Special events: Racing clinics, snowboard camps, telemark clinics, skating and classical Nordic instruction, backcountry hut trips, ice skating, Dining in the Woods, sleigh rides, NASTAR races daily; Snowboard Series, Dec. 21, Jan. 4, 18, Feb. 1, 8, 22; Christmas Eve Torchlight parade/fireworks, Dec. 24; New Year's Eve Fireworks/Party/Dance, Dec. 31; two-day Telemark Race Camp and women's skiing seminar, Jan. 11-12; Eat, Ski, and Be Merry, Feb. 15; International Masters Criterium, Feb. 22-25; one-day telemark clinic, Mar. 1; Colorado Special Olympics, Mar. 2-4; ; John Elway Celebrity Ski Race, Apr. 4-6.
Crested Butte Mountain Resort
Right after Janet Antram tried snowboarding for the first time, she gave away all of her ski equipment. "I'd been skiing since I was eight," the 22-year-old Antram says. "But then, during the 1987-88 season, I got on a snowboard and never looked back--and I knew I wanted to put in some heavy time on one." To make it happen, the South Burlington, Vermont, native looked at one major criterion when she went to pick a college: its proximity to a ski area. "Basically, I just took a list of colleges and a map and located the schools that were close to a mountain," she says. And that's how she wound up in Gunnison, attending Western College thirty miles south of Crested Butte. "Officially, I'm majoring in European history and environmental science," says Antram, who works as a promoter for Aggression Snowboards. "But you and I both know I'm on that mountain every chance I get."

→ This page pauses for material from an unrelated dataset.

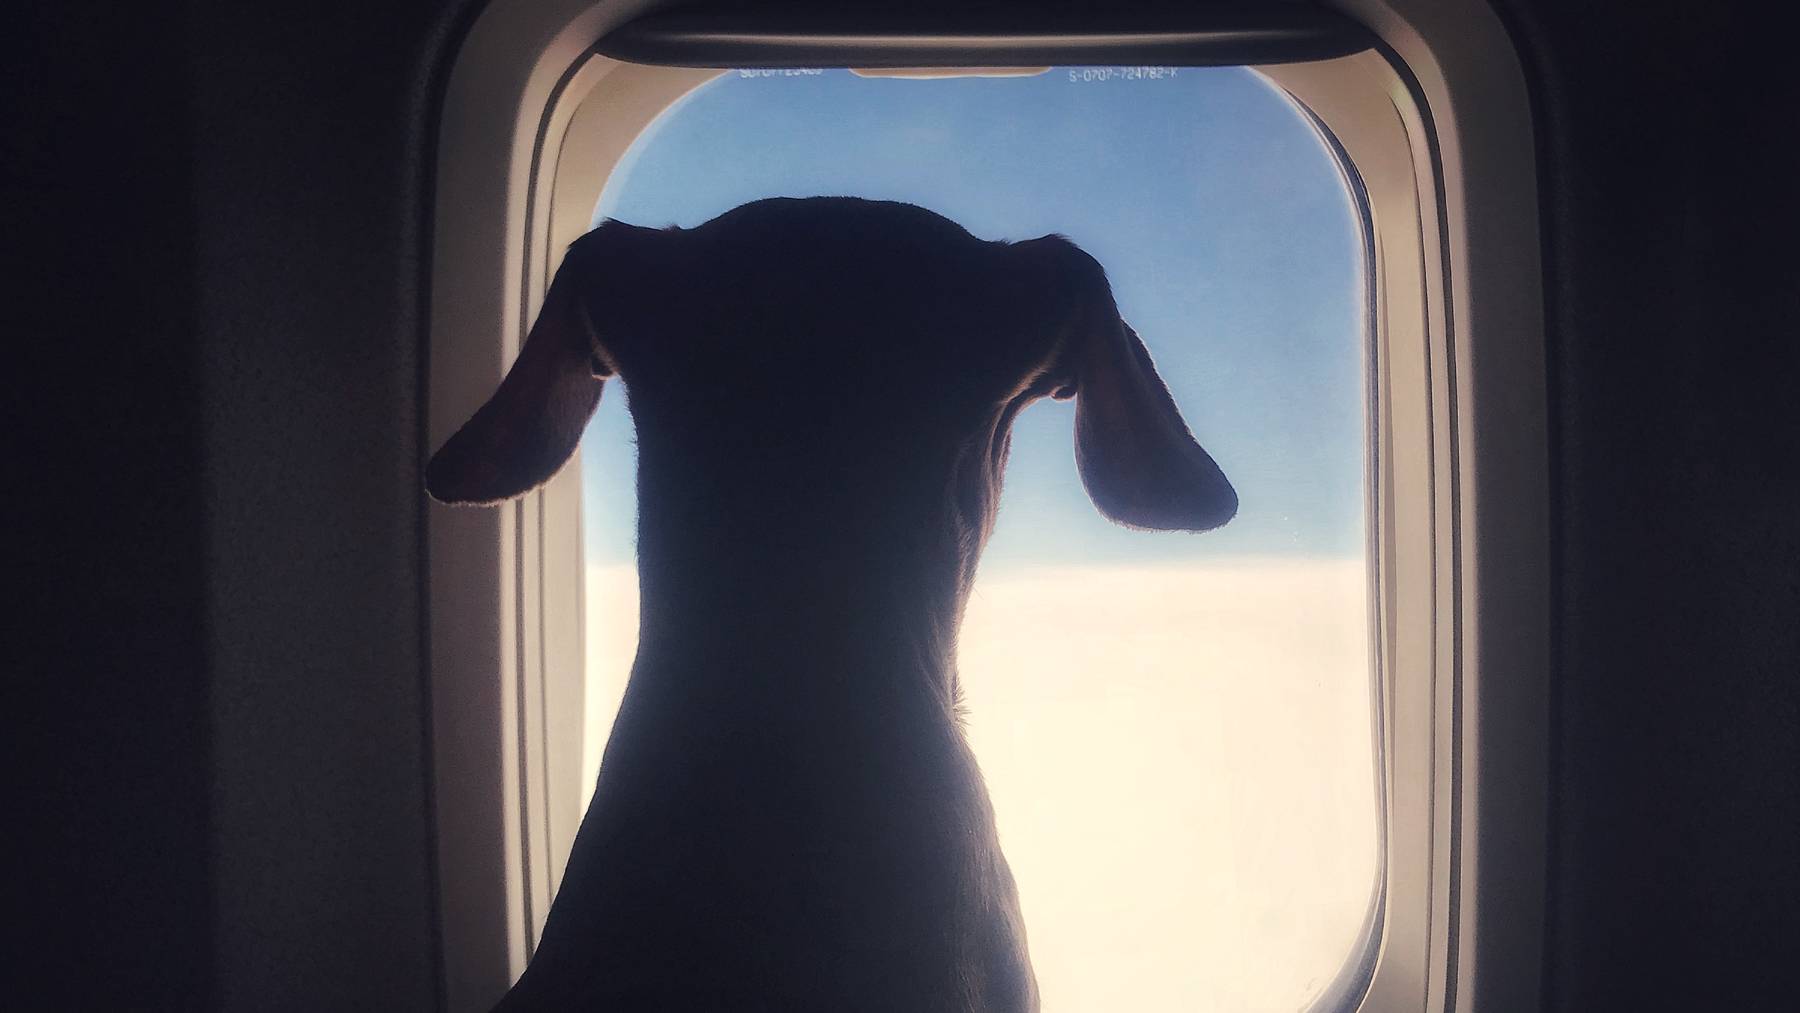 Bei der Hunde-Airline sollen die Vierbeiner diese Aussicht geniessen können. (Symbolbild)

And when that happens, one of the runs she rarely misses is Head Wall. "It's a great black diamond, really steep and in the trees, but you can hit it from one of the lower lifts." She explains that when there's a blizzard on Crested Butte, the upper areas are inaccessible. "So it helps to know what the good lower parts are," she says. In good weather, Antram thinks International speaks her language, but only when it's groomed. "They groom it for races, so those are the days to drop in there," she says. "Right before and after the races. It's a smooth cruiser, but when it's not groomed, it can sometimes get bumpy." Another run worth stepping into: Staircase. "There's a certain part on Staircase where it gets all steep and you're sort of in a gully with rocks on each side. But be aware--it's the only way down once you're in it." To get in it, she says, "take the North Face Lift up and hike to Spellbound. Then ski Spellbound or High Life, and then traverse skier's left from Spellbound and get up on the next ridge. Go down through the trees from there--it's really fun." She adds that when you're standing at the top of Spellbound, you can see a bunch of bowls you can get trapped into. "It's real pretty, too," she says. "Actually, the view from there is pretty insane. Enjoy the moment of relaxation before you drop in, because from then on, it gets pretty hairball."